The inquiry noted above is also one way to understand the late Justice Scalia's disdain for so-called "legislative history." He answered the first question "none" so that he never had to even ask the second question. The nicest thing that I can say about this is that it respects the limits on judicial review too much by presuming not just that elected officials tend to act in good faith and therefore should not be second-guessed, but by presuming that they always do so and therefore are never subject to second-guessing. (Except, that is, when the "elected officials" in question are state prosecutors — the one class of government actors Justice Scalia consistently did subject to substantive review for their good faith.) I reject this view because, thanks in part to that tour as a Protocol Officer, I know too many of Those People: Elected officials, appointed-and-confirmed-by-the-Senate officials, and apparatchiks. Far too many to accept a blind, or even broad, presumption of "good faith without improper pretext." And that's primarily because they're human (most of them, anyway), not just because I agree/disagree with the particular pretexts.
This refusal to examine legislative (or executive) motivation matters to authors and others in the arts in a very direct manner. Consider, for example, the foolishness and invidiousness of 17 U.S.C. § 201(b):
Works Made for Hire.— In the case of a work made for hire, the employer or other person for whom the work was prepared is considered the author for purposes of this title, and, unless the parties have expressly agreed otherwise in a written instrument signed by them, owns all of the rights comprised in the copyright.

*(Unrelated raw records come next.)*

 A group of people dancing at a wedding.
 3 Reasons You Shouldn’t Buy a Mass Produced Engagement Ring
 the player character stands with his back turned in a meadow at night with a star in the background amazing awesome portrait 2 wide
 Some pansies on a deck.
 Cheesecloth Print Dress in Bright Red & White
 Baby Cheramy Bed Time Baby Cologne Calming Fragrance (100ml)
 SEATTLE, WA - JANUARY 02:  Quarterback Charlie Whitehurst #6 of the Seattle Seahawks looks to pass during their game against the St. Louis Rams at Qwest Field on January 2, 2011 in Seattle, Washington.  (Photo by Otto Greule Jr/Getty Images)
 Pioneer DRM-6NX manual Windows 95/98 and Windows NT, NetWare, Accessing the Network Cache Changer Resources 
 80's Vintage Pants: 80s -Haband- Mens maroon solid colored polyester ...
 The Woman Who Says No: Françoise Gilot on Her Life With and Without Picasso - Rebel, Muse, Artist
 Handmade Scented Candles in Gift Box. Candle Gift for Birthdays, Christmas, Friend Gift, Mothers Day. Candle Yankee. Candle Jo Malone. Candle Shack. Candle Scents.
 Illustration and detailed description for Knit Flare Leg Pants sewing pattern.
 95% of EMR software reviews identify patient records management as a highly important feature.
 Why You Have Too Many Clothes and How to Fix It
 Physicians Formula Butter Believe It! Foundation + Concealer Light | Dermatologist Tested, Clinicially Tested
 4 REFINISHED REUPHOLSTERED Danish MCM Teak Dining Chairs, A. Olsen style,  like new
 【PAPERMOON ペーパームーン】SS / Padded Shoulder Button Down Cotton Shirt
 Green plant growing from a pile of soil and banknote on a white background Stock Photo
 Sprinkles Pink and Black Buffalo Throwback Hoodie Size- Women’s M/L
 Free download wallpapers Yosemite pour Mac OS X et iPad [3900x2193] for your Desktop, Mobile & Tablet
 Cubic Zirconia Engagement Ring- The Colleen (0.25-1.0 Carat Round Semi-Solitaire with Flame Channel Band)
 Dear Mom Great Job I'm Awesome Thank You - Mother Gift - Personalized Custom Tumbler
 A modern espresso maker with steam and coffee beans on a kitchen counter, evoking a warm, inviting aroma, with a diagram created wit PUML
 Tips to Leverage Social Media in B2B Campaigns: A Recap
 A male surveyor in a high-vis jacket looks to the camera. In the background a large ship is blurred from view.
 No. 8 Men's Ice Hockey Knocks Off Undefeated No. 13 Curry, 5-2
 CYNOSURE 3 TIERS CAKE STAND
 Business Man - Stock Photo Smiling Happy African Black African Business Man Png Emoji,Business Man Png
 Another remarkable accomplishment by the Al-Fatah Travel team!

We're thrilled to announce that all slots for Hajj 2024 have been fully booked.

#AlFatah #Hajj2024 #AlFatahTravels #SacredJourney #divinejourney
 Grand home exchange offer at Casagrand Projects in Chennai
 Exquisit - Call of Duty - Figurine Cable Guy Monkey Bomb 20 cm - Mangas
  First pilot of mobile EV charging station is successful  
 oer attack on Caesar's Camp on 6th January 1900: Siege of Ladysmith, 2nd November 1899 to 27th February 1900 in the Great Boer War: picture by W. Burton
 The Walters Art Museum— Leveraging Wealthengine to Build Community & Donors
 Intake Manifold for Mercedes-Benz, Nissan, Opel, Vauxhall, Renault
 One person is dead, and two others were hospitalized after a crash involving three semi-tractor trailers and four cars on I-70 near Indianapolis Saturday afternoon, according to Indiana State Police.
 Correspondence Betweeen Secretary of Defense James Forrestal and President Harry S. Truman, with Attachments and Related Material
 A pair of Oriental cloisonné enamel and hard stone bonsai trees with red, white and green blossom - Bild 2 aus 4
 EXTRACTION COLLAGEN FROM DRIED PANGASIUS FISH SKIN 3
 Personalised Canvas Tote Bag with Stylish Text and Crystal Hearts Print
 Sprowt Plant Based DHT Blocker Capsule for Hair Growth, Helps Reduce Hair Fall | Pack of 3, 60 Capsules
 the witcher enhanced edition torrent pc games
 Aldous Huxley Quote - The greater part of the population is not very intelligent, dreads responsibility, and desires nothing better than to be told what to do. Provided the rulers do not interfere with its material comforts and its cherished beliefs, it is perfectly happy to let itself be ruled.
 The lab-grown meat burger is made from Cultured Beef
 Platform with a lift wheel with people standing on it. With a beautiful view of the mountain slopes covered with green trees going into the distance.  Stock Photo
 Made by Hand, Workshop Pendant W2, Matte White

Now combine this with the definition of WFH found in § 101, and the actual legislative history of this clause. The constitution grants Congress the power to protect authors (Art. I, § 8, cl. 8), but § 201(b) redefines "author" to mean something that no native speaker of English would recognize as an "author": The patron. We recognize "Leonardo da Vinci" instead of "Ludovico Sforza" for good reason. Congress chose to do otherwise — under immense pressure from, well, patrons — but its "good faith" in doing so has remained largely unquestioned.
What these disparate examples demonstrate is that these are hard questions. Unfortunately, since Justice Warren left the bench there has been an increasing tendency for the courts to evade hard questions, usually on the premise that those questions are for the elective branches. Sometimes, though, there really isn't an opportunity to discern elective anything. "True foreigners" were breathtakingly rare in the US of the 1860s more than a mile or two from a seaport or clearly delineated border. Just why, then, does the Fourteenth Amendment's Equal Protection Clause limit itself to United States citizens? It probably has at least somewhat to do with the occupants of this continent who preceded the Northwest Europeans… but one can't discern that from what passed for an official record in the mid-nineteenth century. And that's wrong, but by burying it elsewhere so it's harder to get into evidence, it's not a clear concern.